Mãe, você é costureira e continua a fazer a colcha de retalhos, tentando mesmo que seja em vão juntar todos nós num mesmo lugar para depois chamar de lar.
São Paulo se tornou um lugar para os duros de coração, para os outros quem sair por ultimo feche a escotilha.
Mãe, num vou mentir, você ilude as pessoas de bom coração, dizendo que tem oportunidades na sua casa, mas todos sabemos que o preço é auto, quantos eu já vi tirando 6 anos num cadeião, ou mendigando por não achar emprego?
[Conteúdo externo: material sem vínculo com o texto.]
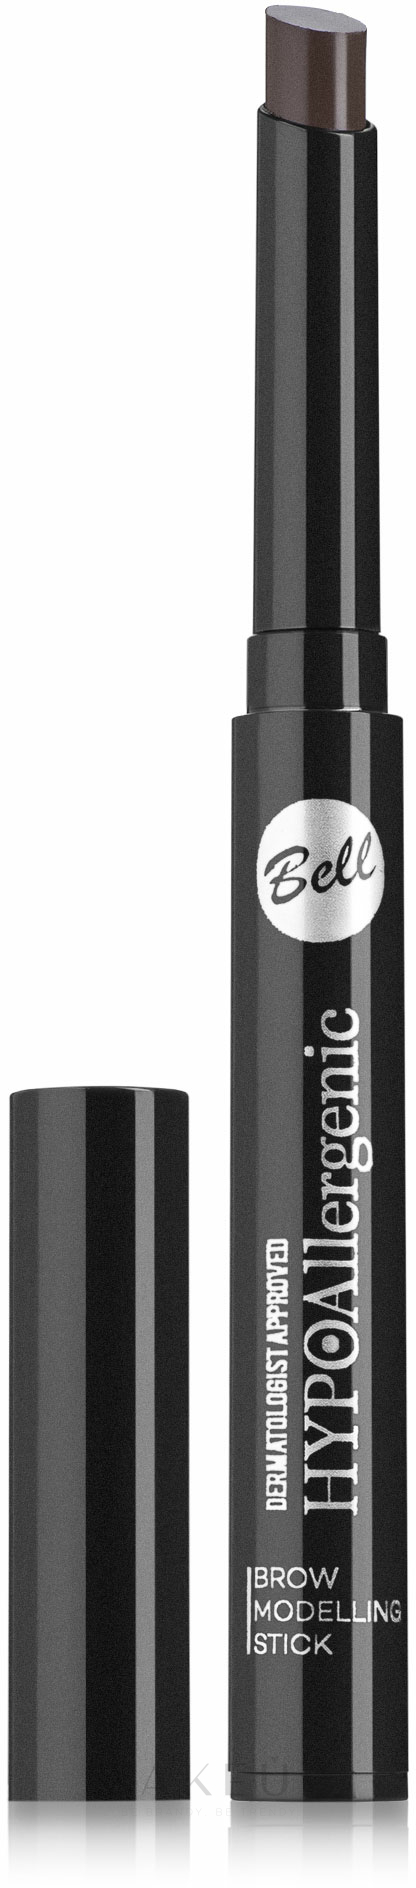 Brauenwachs-Stick - Bell Hypo Allergenic Brow Modelling Stick — Foto 01

Você mata os meninos e envelhece as meninas além de esconder o que te incomoda, como os cemitérios, as prisões, os doentes mentais Acho que você faz isso comigo também mãe, você me isola, porque não pode me dar o que prometeu.
Quando você me mostrava pras tias, elas me apertavam, me beliscavam, me mordiam, porque machucamos as coisas que admiramos?
Na hora que preciso eu não tenho o mesmo tratamento que meus primos, quando ouve aquele desabamento eles ficaram em hotéis, porque eu tenho que ficar com os outros num pátio de colégio?
Isolado aqui na minha aldeia, talvez eu nem seja um filho legítimo, afinal só sei que meu pai é baiano, talvez eu seja somente um bastardo, mas mesmo assim, feliz aniversário.
Do seu filho, Periferia.

AUTOR: FERREZ

Um comentário:

Planet Not Found disse...

Will, somos a geracao fumaca! Nos sentimos impotentes diante de tanta sujeira (literalmente).
Temos que lutar, pois o nosso sangue e igual, assim como o Tiete e a Baia da Guanabara. E um dia, todo esse mar de lama vai parar no mesmo lugar.
Keep on fighting for a "CLEAN" world!